## Your goal
The listing that follows must be retyped exactly, without its pictures.

## Source material
------------------------------------
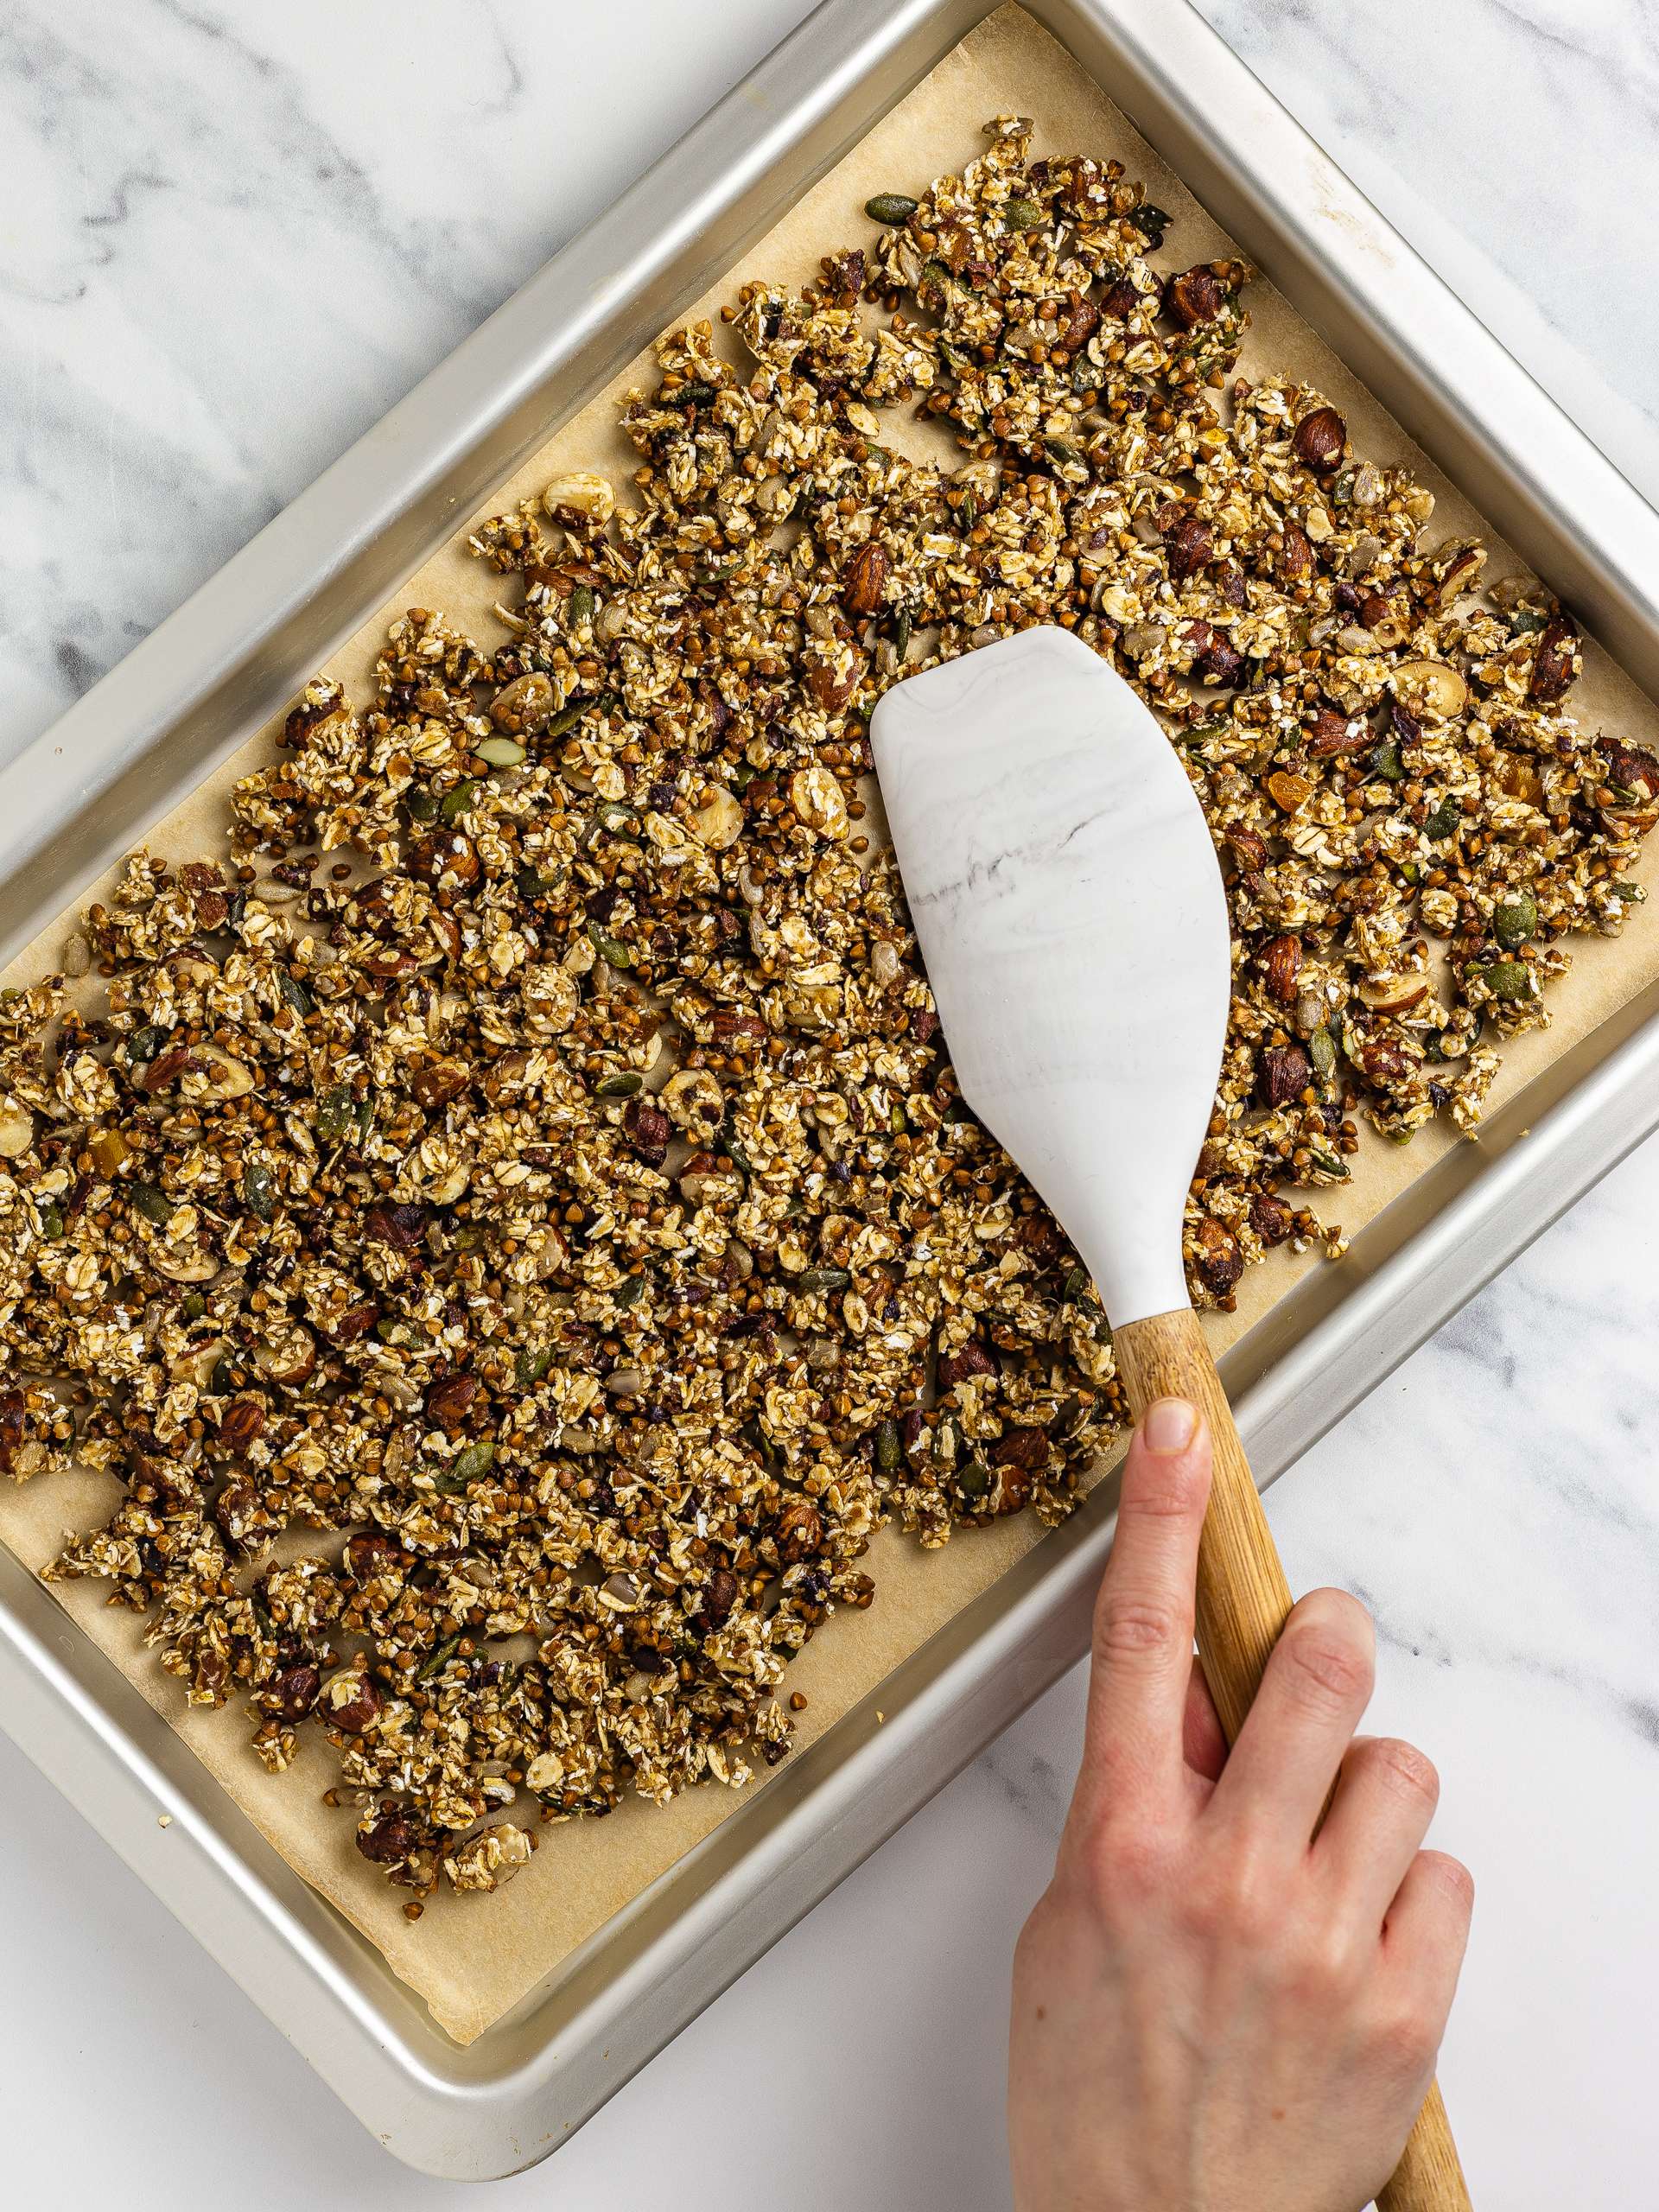 sugar-free granola spread over a baking tray
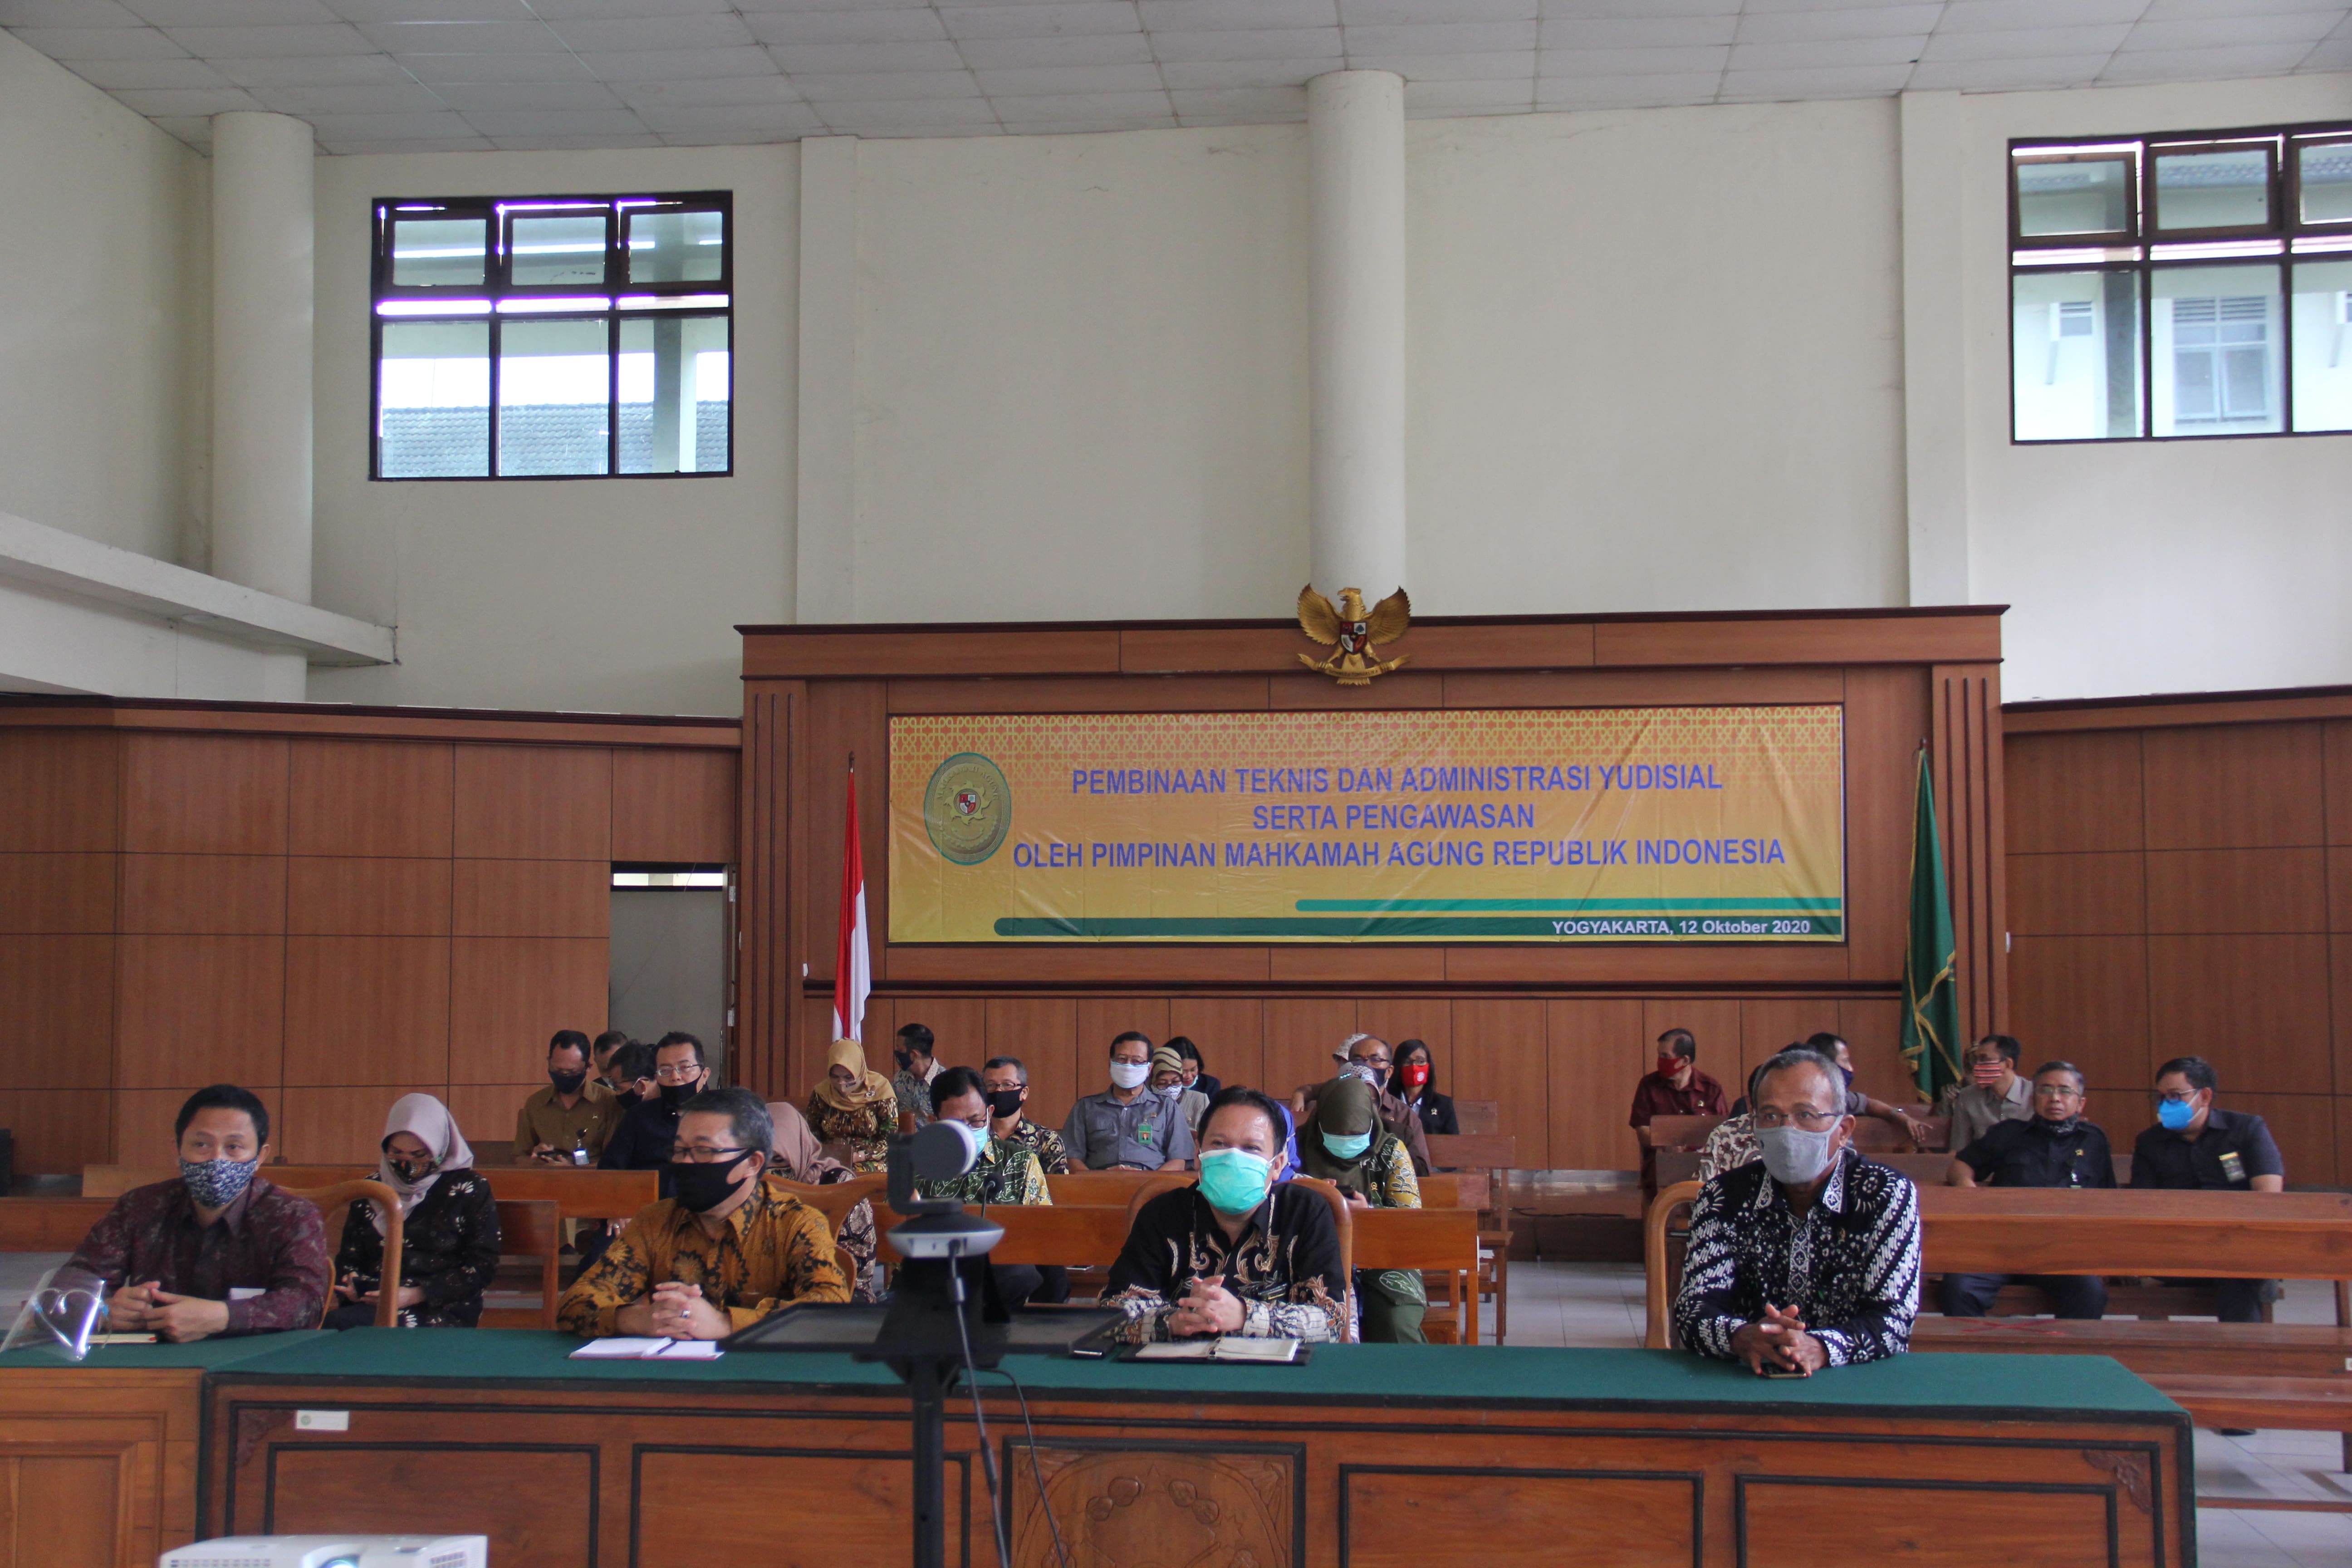 Pembinaan Teknis dan Administrasi Yudisial Serta Pengawasan oleh Pimpinan Mahkamah Agung Republik Indonesia secara Virtual
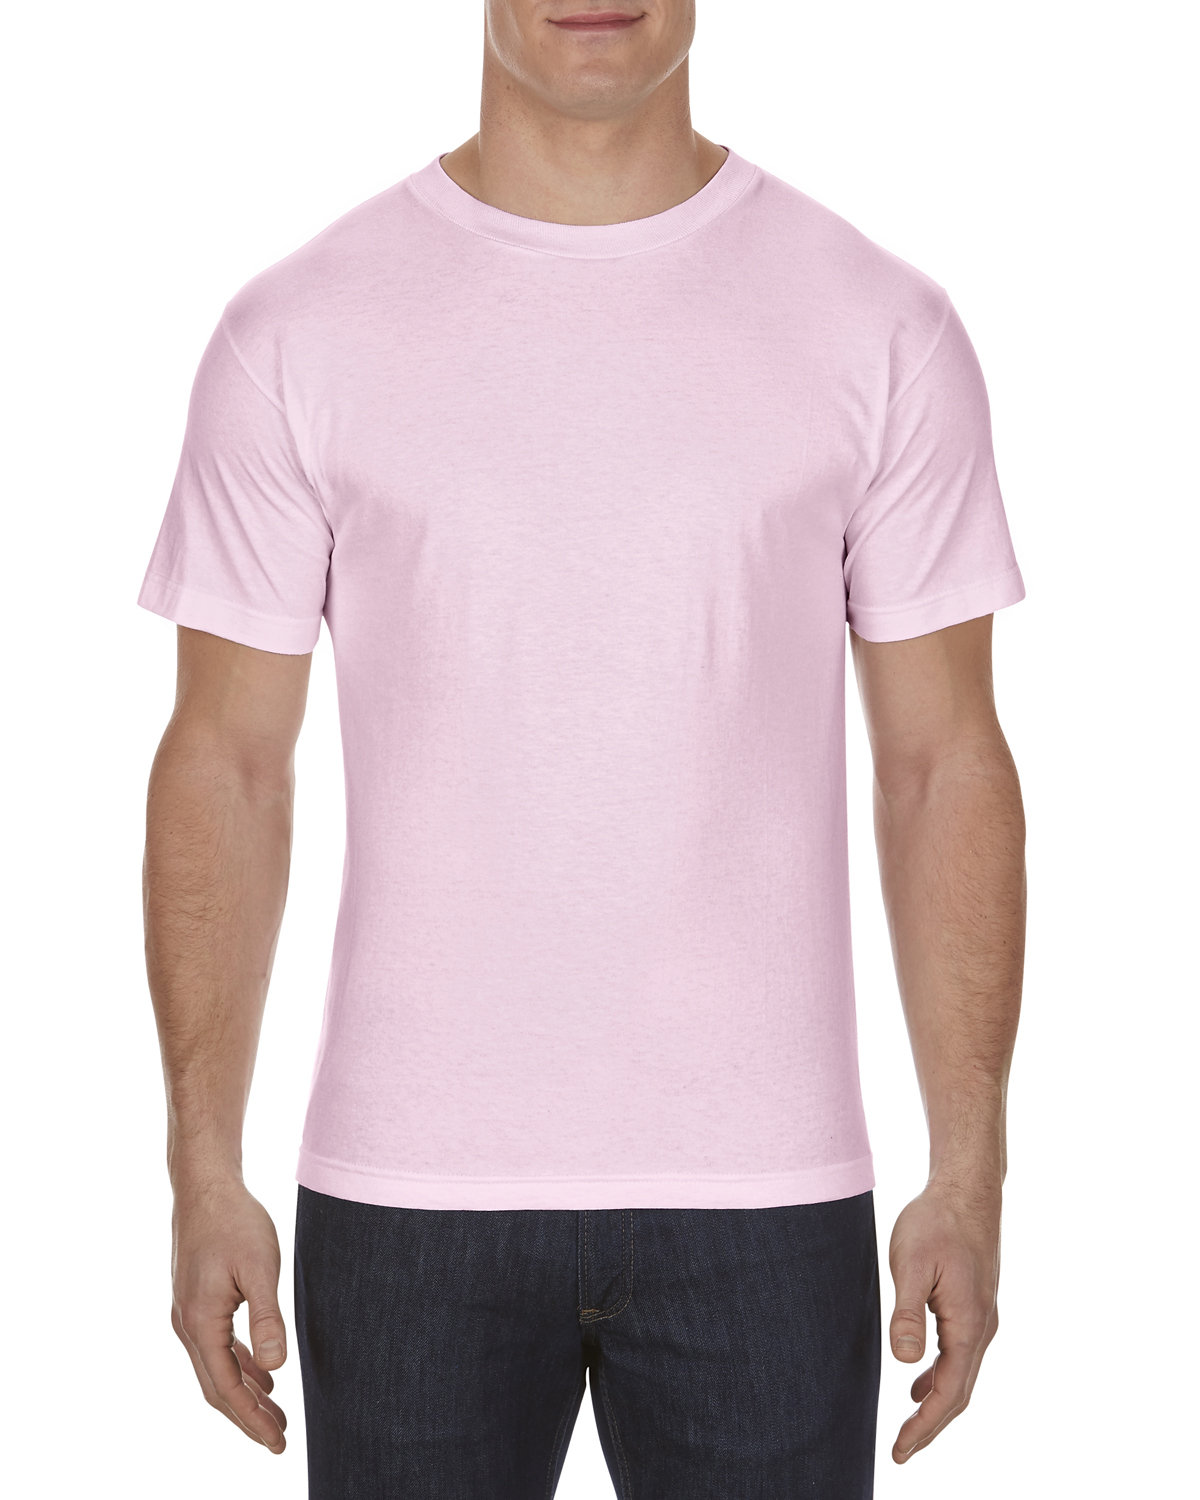 American Apparel Unisex Heavyweight Cotton T-Shirt pink
------------------------------------
## Output below
 sugar-free granola spread over a baking tray
 Pembinaan Teknis dan Administrasi Yudisial Serta Pengawasan oleh Pimpinan Mahkamah Agung Republik Indonesia secara Virtual
 American Apparel Unisex Heavyweight Cotton T-Shirt pink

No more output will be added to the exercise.